Vernon, who can be reached at lenny@doctor.md, hopes to raise $2.5 million in a private offering today to launch his GoHealth.md company.

For folks like Vernon and Harris, .md is a lot like an undeveloped plot of land.

Right now, there are still plenty of vacant parcels to go around, and savvy doctors and health care professionals that want to set up shop there had best start buying now, he said.

A perfect example of the finite nature of Internet addresses is .com.

For many businesses today, owning a Web site is crucial to their survival, said Harris. But securing a good Internet address - a catchy and memorable one that describes one's business is becoming increasingly difficult using traditional Internet extensions like .com.

In just six years, the World Wide Web has grown from about 7,000 Internet address to about 3.5 million worldwide. Network Solutions won an exclusive federal contract to register all Internet addresses ending with .com, .net, .org and .edu back in 1992.

Anyone can buy an Internet address ending in those extensions for only $70 at www.register.com, but the supply of marketable Web addresses is fast running dry.

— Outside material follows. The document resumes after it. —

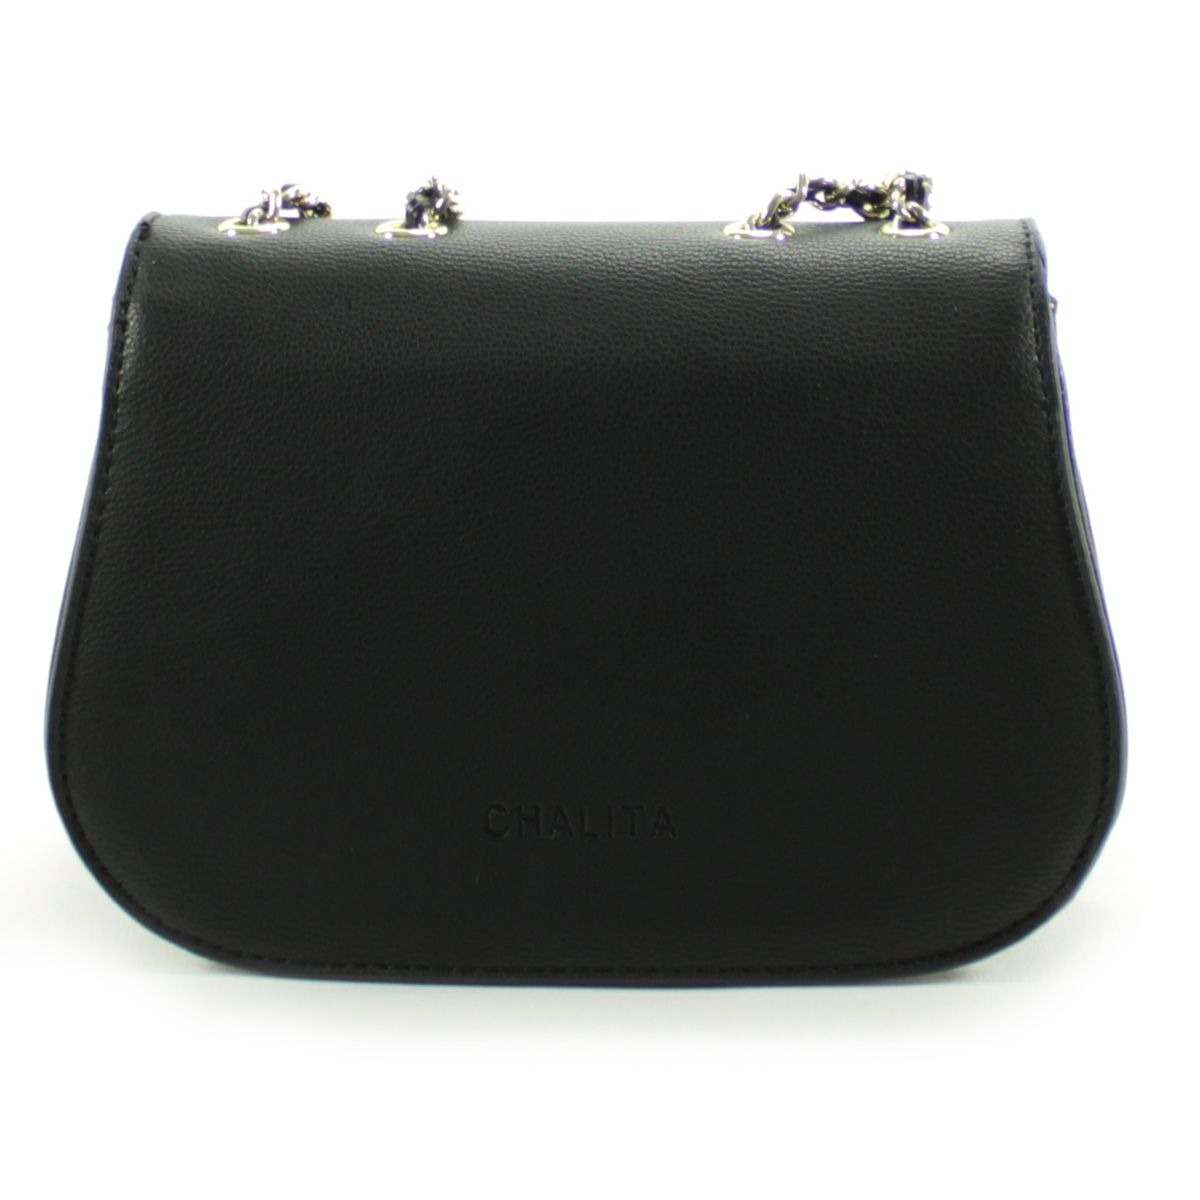 6a69a7443 bolsa carteira feminina alça corrente pequena original audaz. Carregando  zoom.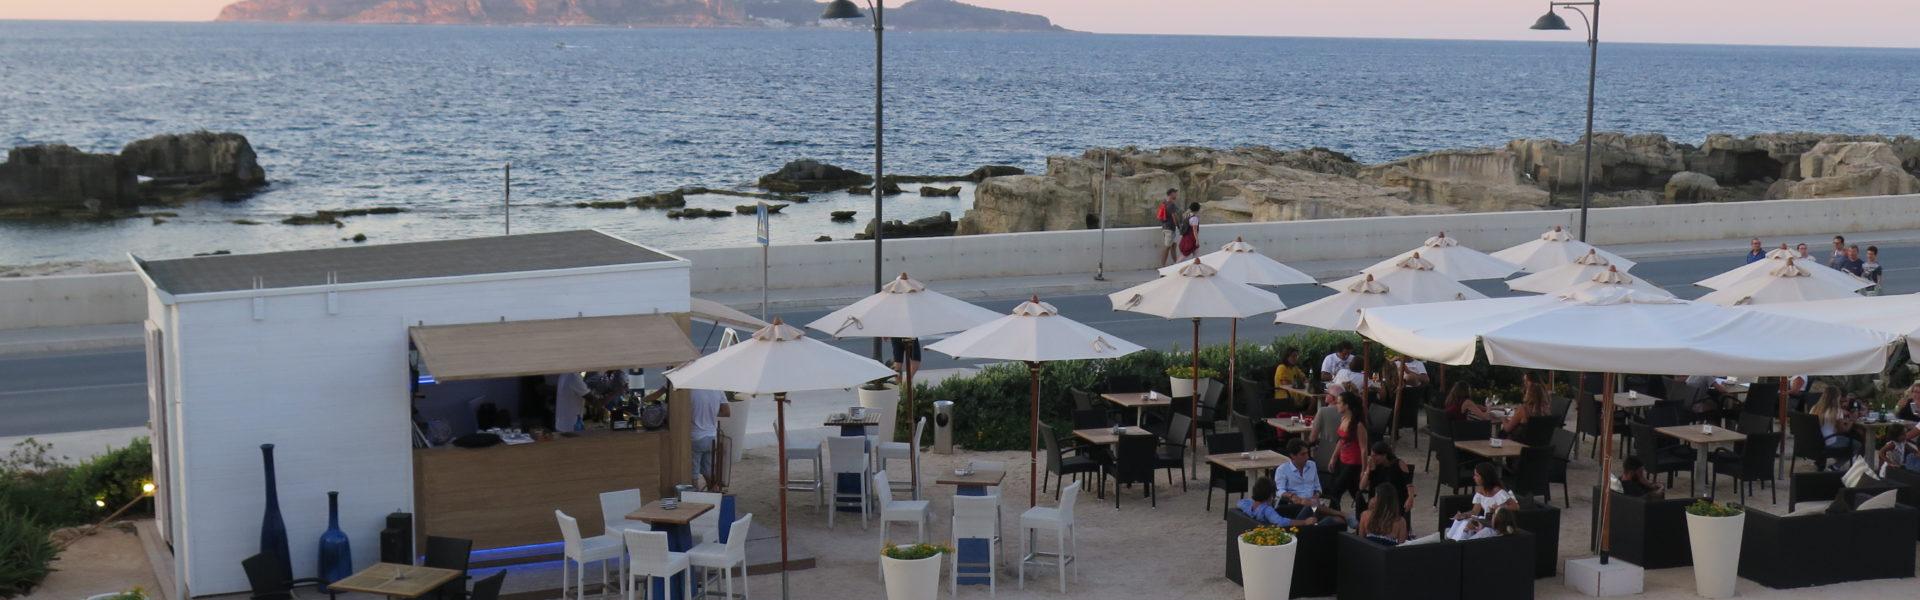 Il Corallo Cafè da un dolce Buongiorno ai suoi ospiti accogliendoLi al risveglio nell'incantevole chiosco vista mare. Qui troverete una ricca varietà di dolcezze e coccole che accompagnerà le vostre prime ore della giornata.

Up until recently, country codes like .md, were virtually ignored, until traditional Internet extensions started getting harder to come by. That's when entrepreneurs started seeing country codes as a potentially attractive alternative.

Last year, the 9,000 inhabitants of the tiny Polynesian microstate of Tuvalu, the smallest nation on Earth (population, 10,000; land area, 10 square miles), signed an Internet deal with a Canadian company, TV Corp. to market its valuable Internet extension - ".tv."

Tuvalu, whose communications infrastructure consists of one AM radio station, 130 telephones and, incidentally, no televisions, stands to make a mint: more than $60 million up front, under the deal, plus a cut of the profits.

In 1997, the island kingdom of Tonga in the South Pacific began offering its ".to" suffix. And the former Soviet republic of Turkmenistan also made a business of selling ".tm."

Still, Harris says few, if any, will make as much money as .md, as far as he's concerned.

For Harris, .md is the natural and intuitive address for physicians and those in the broad medical community.

''Whether you have a first-grade education or a college degree, 'md' is synonymous with medicine in this country," said Harris.